Хотеть не вредно!
Шрифт:
С утра было довольно холодно, но солнце постепенно стало пригревать, и костерок весело затрещал, создавая уют и тепло. Борис деловито остругивал гибкие прутья, которые использовал вместо шампуров. Я с наслаждением наблюдала за ним. Мы почти не разговаривали, но это было наполненное молчание. Он изредка поднимал на меня глаза и улыбался только уголками губ. Я невольно сравнила впечатления от первого пикника с этими впечатлениями. Излишне говорить, в чью пользу.

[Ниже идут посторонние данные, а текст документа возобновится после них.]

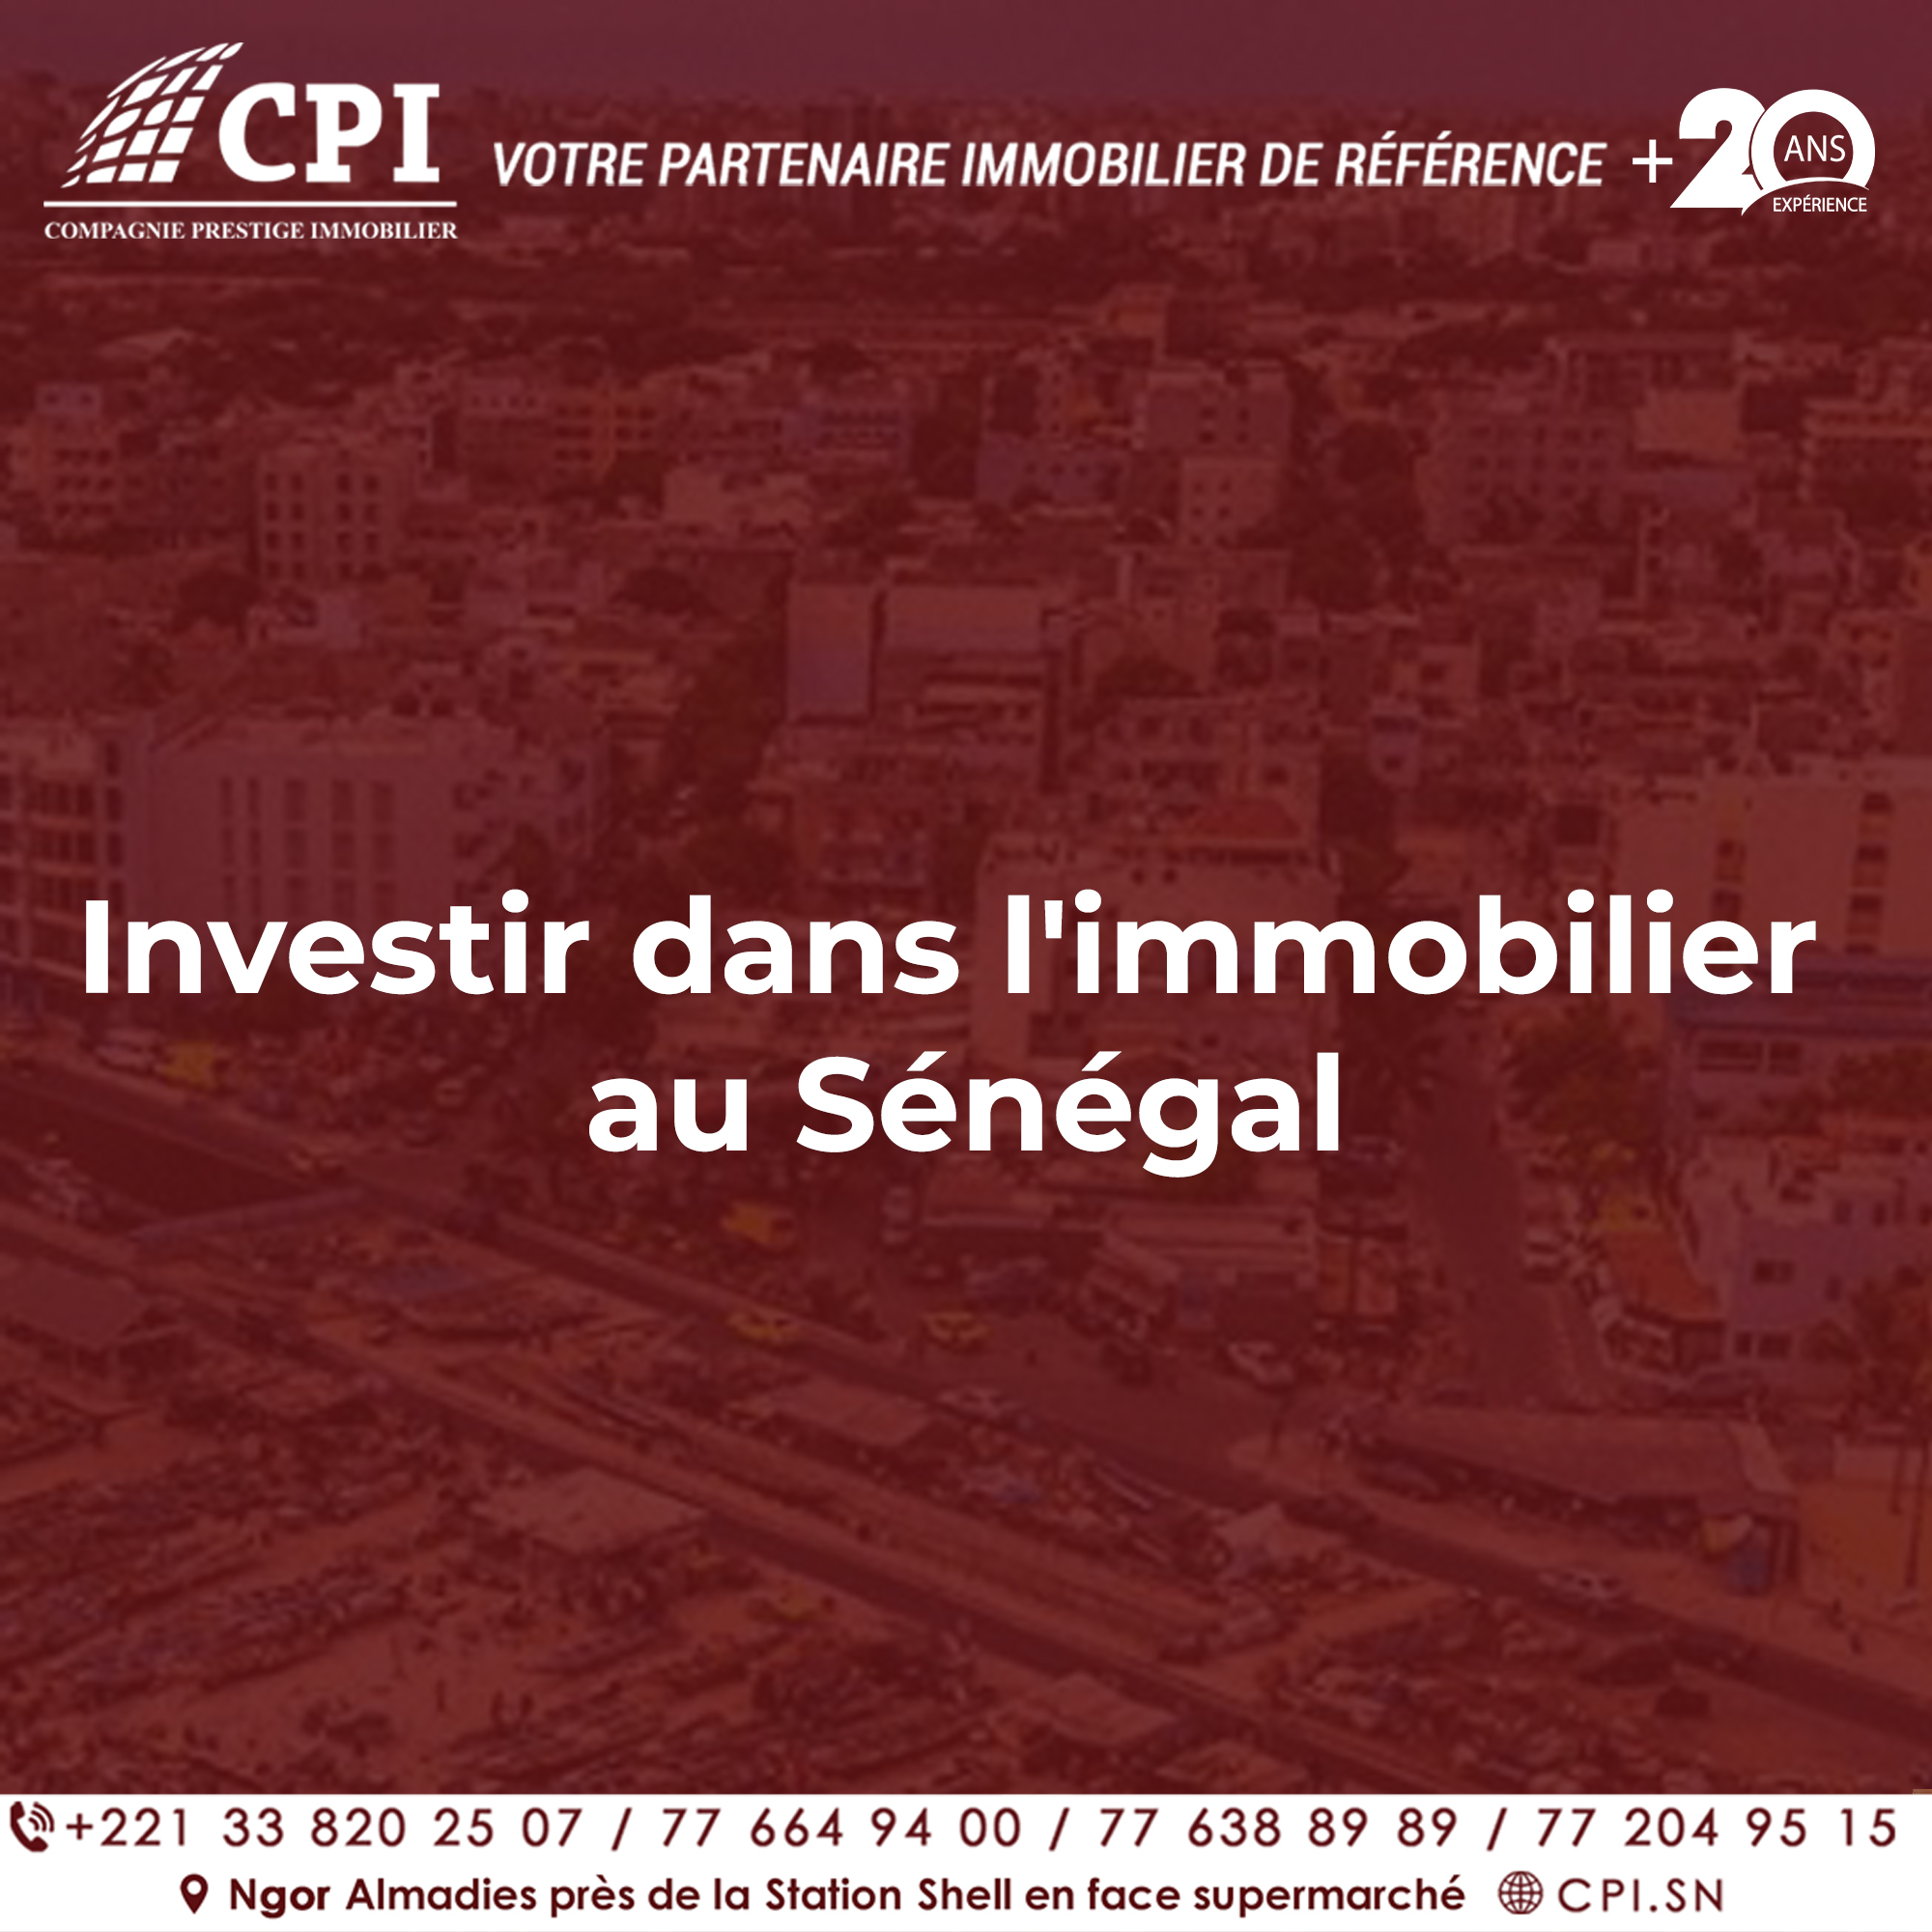 CPI Immobilier : Investir dans l’immobilier au Sénégal avec confiance

Апофеозом праздника был для меня момент, когда Борис достал
— Спой что-нибудь из нашего, старого.
— Сначала ту, что вчера подобрал.
Он запел то, что я ни при какой погоде не слушаю: то ли Трофима, то ли Круга. Не знаю, что случилось со мной, но нехитрые слова песни вызвали слезы, которые я даже не пыталась скрыть. Возможно, сказалась обстановка и мое чувство к исполнителю, но песня тронула меня. Зилов пел:
Я сегодня ночевал с женщиной любимою,
Без которой дальше жить просто не могу…
С этой женщиною я словно небом венчанный,
И от счастья своего пьяный до зари…
Я совершенно неприлично шмыгала носом и сморкалась в бумажный платок. Счастье обрушилось на меня уже изношенную, изуверившуюся, подкошенную годами и испытаниями, выпавшими на мою бесталанную головушку. Я забыла, как это, когда тебя любят, о тебе заботятся, берегут, беспокоятся. Не избалована я таким вниманием. Все больше сама о детях пекусь, вкалываю день и ночь. Я сильная, железобетонная. И так всю жизнь. А теперь, как в одном старом детском фильме: "Надоело быть бабой Ягой, хочу быть просто бабой!". Да, хочу быть просто бабой. Уткнуться в его грудь, забыть обо всем на свете…
Я так и делаю. Неужели это действительно я? И это я делаю именно то, что мне хочется! Гитара падает на землю…
Мы лежим на коврике, Боря смотрит в небо, а я уперлась лбом в его подбородок. Он просит:
— Расскажи о себе. Я слышал, у тебя четверо детей? Молодчина. А мужик-то хороший?
В его голосе напряжение. Я удивленно спрашиваю:
— Какой мужик?
— Ну, муж твой.
— Нет у меня никакого мужа, — ворчу я. — Сто лет как развелись.
Борис поднимается на локте, смотрит мне в глаза:
— Почему?
— В двух словах не объяснишь. Смотри.
Я показываю ему еле заметный шрам под глазом, потом руку, которая не разгибается до конца.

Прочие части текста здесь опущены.